With the beginning of the Industrial Revolution, additional pollutants began to be released in huge quantities into the atmosphere. People reported the effects of acid rain on the stone of buildings and outdoor statuary in the British Isles as early as the 17th century. In the 1850s, scientists established the connection between acid rain and atmospheric pollution in England. In the 1960s, as the effects of acid rain became more widely reported in the press, more science was brought to bear on the subject. Dead lakes and forests killed by acid rain were the subjects of extensive research.

The major contributor to acid rain is sulfur dioxide emissions from coal-burning power plants. The United States began controlling such emissions in the 1990s.

As a result of these controls, sulfur dioxide emissions fell by 40%, and acid rain decreased 65% in the United States.

But it has not been eliminated.

Part of the problem is that sulfur dioxide comes natural sources, not controllable by humans, such as volcanoes. Emissions driven by human activity, however, make the problem much worse.

Acid rain causes major problems for aquatic and plant life. At a pH of less than 5, most fish eggs will not hatch. Even lower pH levels can kill adult fish, thus greatly reducing biodiversity. As biodiversity reduces, resilience declines.

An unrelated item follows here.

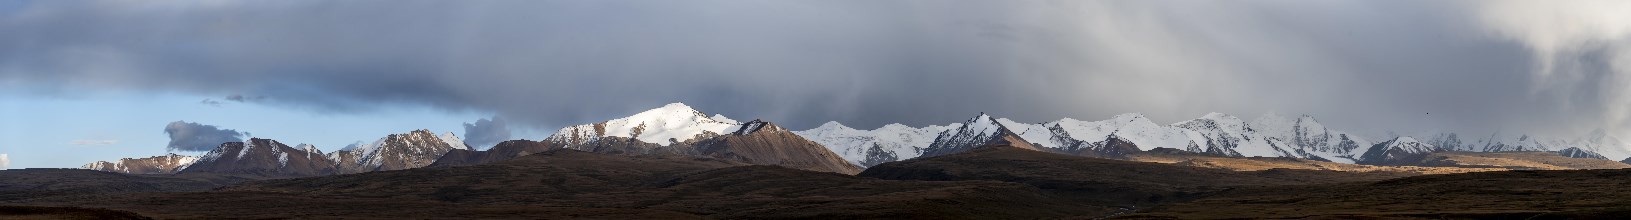 Panorama, Glaciated and snow-capped mountains, dramatic landscape, plateau, autumnal mountain
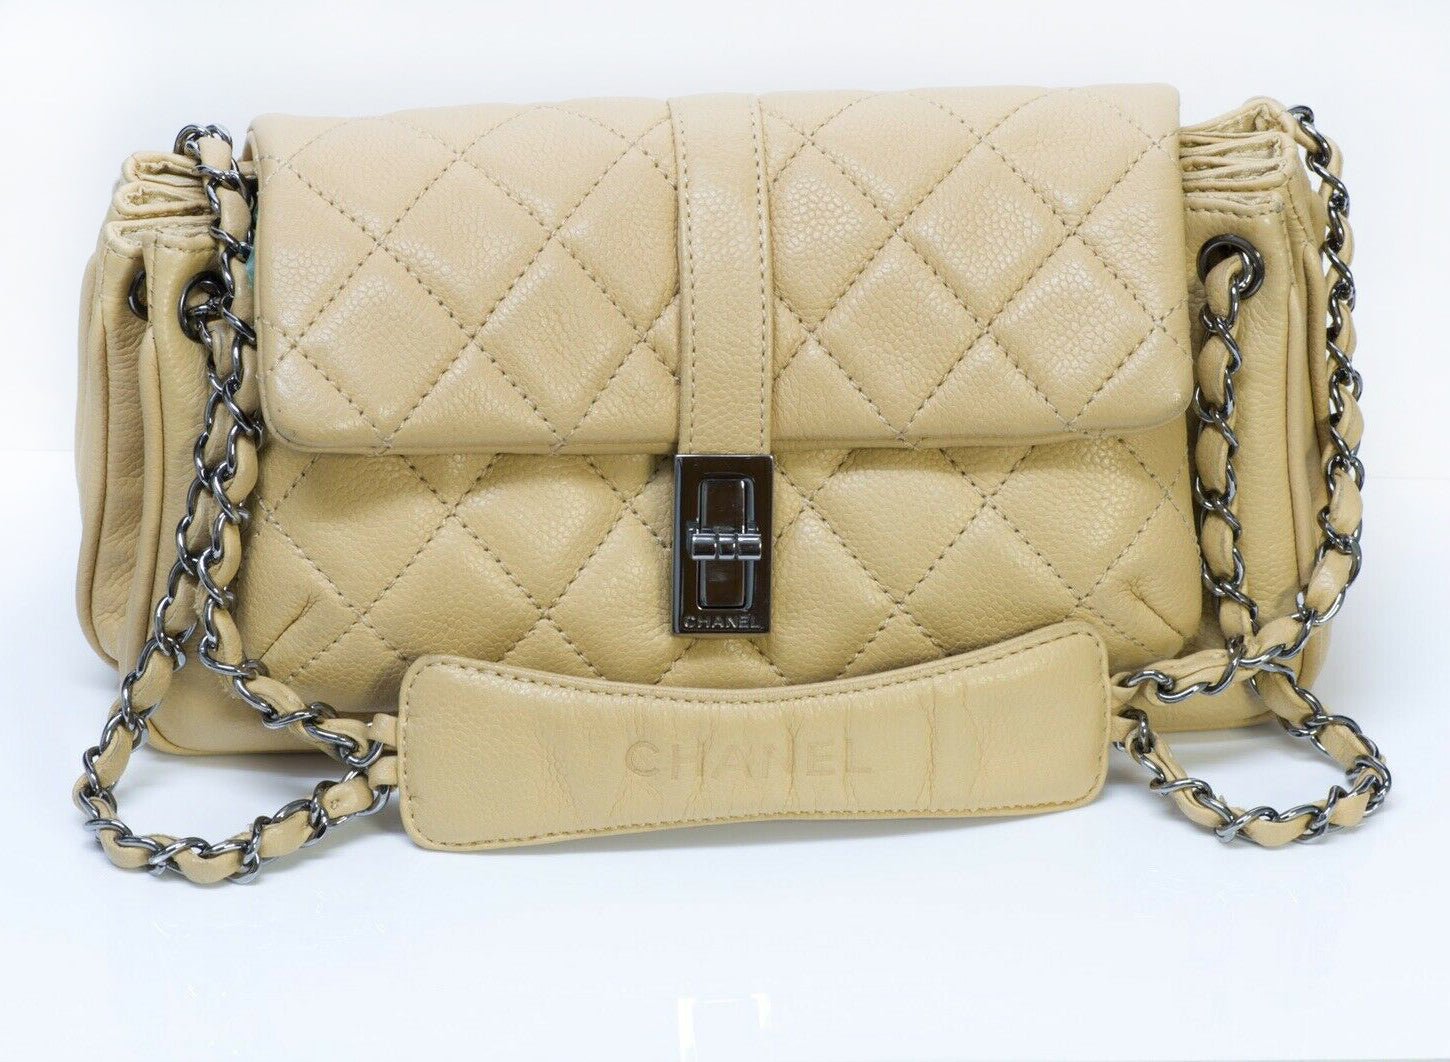 CHANEL CC Beige Quilted Leather Mademoiselle Lock Small Shoulder Bag

Acid rain harms forests and plant life by changing the pH of soil, which hurts the micro fauna and micro flora in the soils upon which life depends.

Understanding the hydrological cycle is basic to an understanding of the importance of water for all life on the planet. Humanity has been entirely too reckless with the hydrological cycle in the past. Going forward, we must better learn how to care for the planet so that we can care for people.

Scientific literacy is important for those of us who plan to care for people, care for the planet, and have a care for the future.

Going forward into the future, water issues will become as critical and problematic as energy is in the present.

The catastrophic effects on Earth’s biosphere due to human activities since the inception of the industrial era now imperil all life. Conservation of resources and environmentalism alone are not adequate to the task.

A transformation of fundamental aspects of consciousness that will drive actual changes in our behaviors and ways and manners of living is urgently required to halt and reverse this destructive process.